Krypton didn’t have a winter solstice festival, as far as Lex knew, but Clark loved the holidays anyway. He covered his back wall in Christmas cards. If he’d had a fireplace in his apartment he would have hung stockings by the chimney with care. As it was, Lex had been unable to deny him a full-fledged tree in Lex’s apartment. Unlike most people in Metropolis, Lex had ceilings high enough for a real tree. Even the prospect of finding pine needles wedged in the furniture for years to come couldn’t compete with Clark’s pleading expression. Clark never asked for anything, except when he asked for all of Lex.

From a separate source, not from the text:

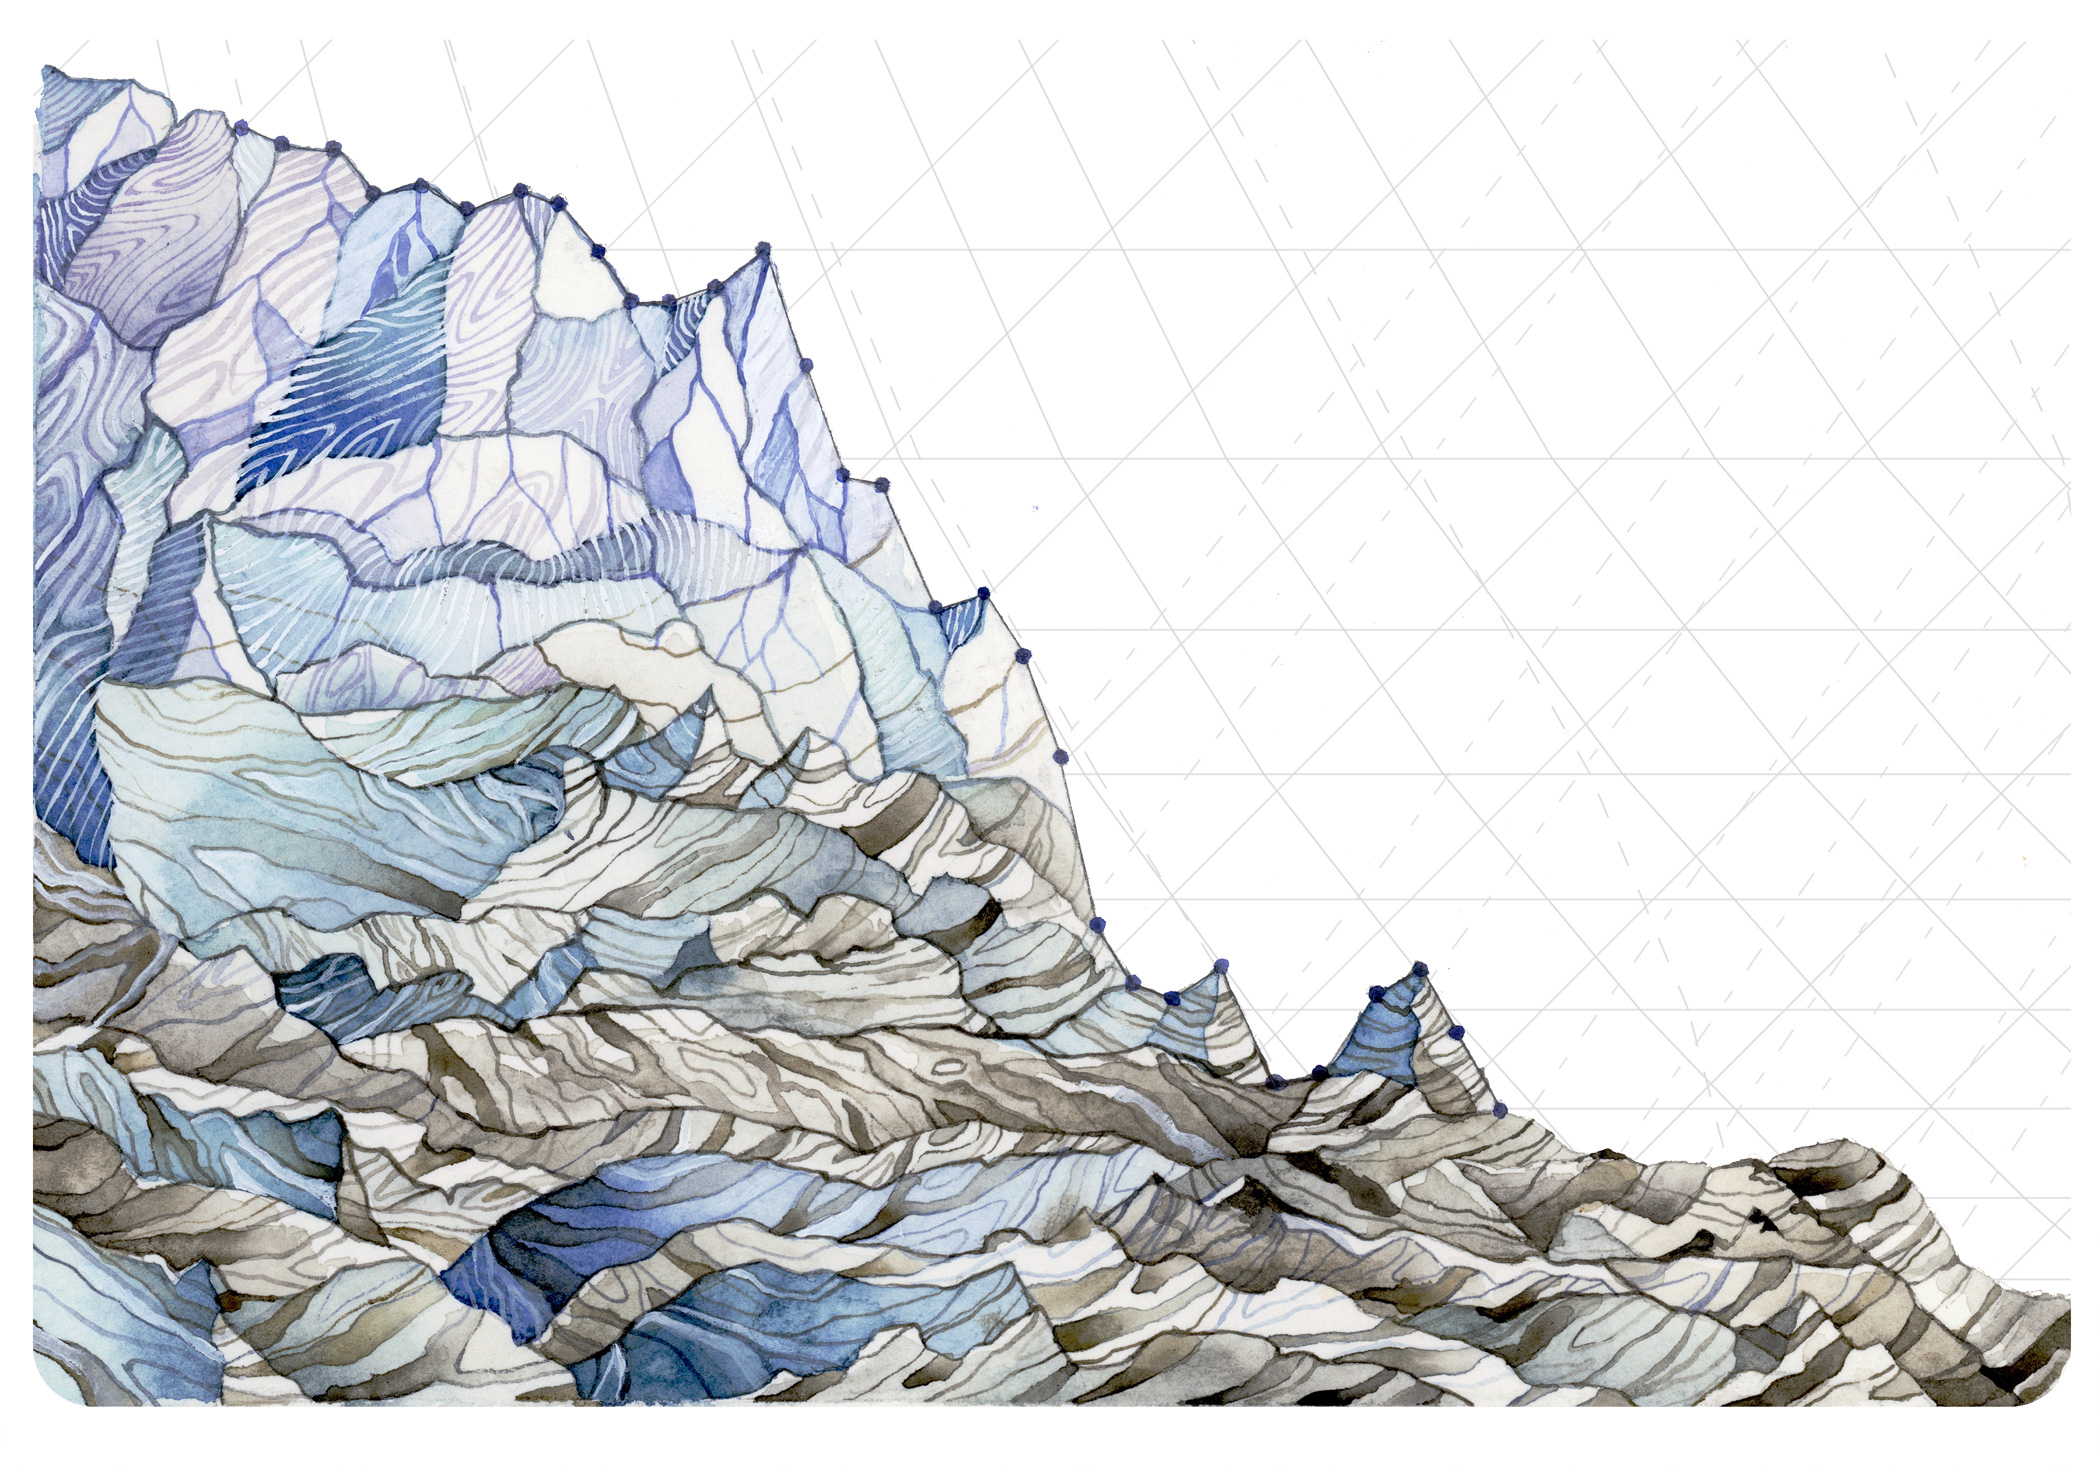 Decline in Glacier Mass Balance

Lex hadn’t enjoyed the holidays since his mother’s death—trite but true. Christmas meant chilly lectures, uncomfortable LuthorCorp parties where half the attendees assumed he was in chemo, and presents so insultingly inappropriate that he’d actually burned a couple of years’ worth prior to opening them when he’d been in his teens. Clark’s unabashed sentimentality, as always, made him nervous.

Clark was so committed, though, that Lex decided to compromise.

So they got a tree, by which Lex meant that Lex followed Clark around the lot until Clark’s face lit up like a nuclear power plant had just gone on line, and then Lex paid for that tree. Clark got it inside the apartment somehow and hung the ornaments his mother had sent him—one for every year away from home, plus one that Clark had made when he was five; that one was misshapen and covered with more glue than glitter, but Lex put it right in the center so that it was the first thing he saw when he came home.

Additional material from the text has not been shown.